In fact the changes brought on by the flood, says Blankenheim, haven't been bad for fish, or anglers: "Some of their favorite spots might not be as productive as before—their favorite pool might not be a pool, it may have filled in. However, there may have been a stretch of river that scoured out, and a pool developed there."

The French River alone has seen more than 1,000 Camloops in its survey trap this season—an above average total. Similar data on other rivers can help shape which water bodies need repairs, and which can be left to mother nature.

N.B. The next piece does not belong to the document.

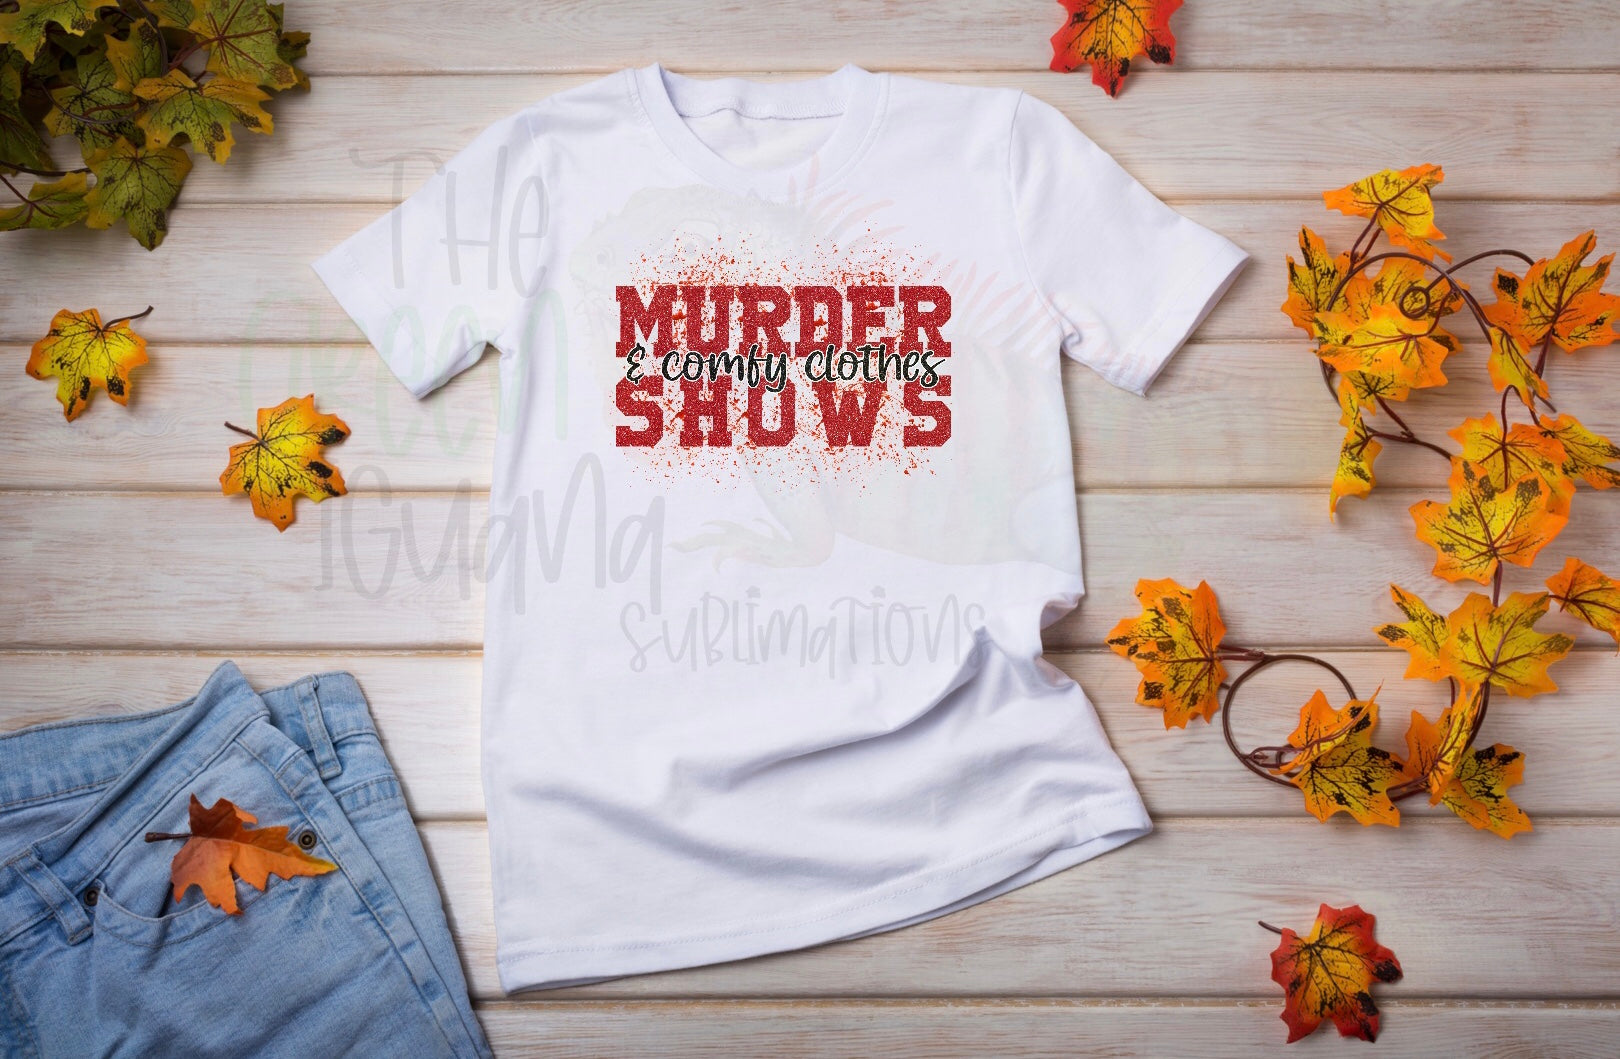 Murder shows & comfy clothes

"This was a natural event; there was natural sediment movement. So, in some cases, we will leave a lot of it alone. Other cases, we will do major restoration," said Program Manager for the City of Duluth Chris Kleist, who is helping organize river and stream recovery efforts through feedback from various groups.

The worst time for a major flooding event, says Blankenheim, would be immediately after fish have laid their eggs, or shortly after their hatching. Strong currents would likely overwhelm the new, and vulnerable, populations.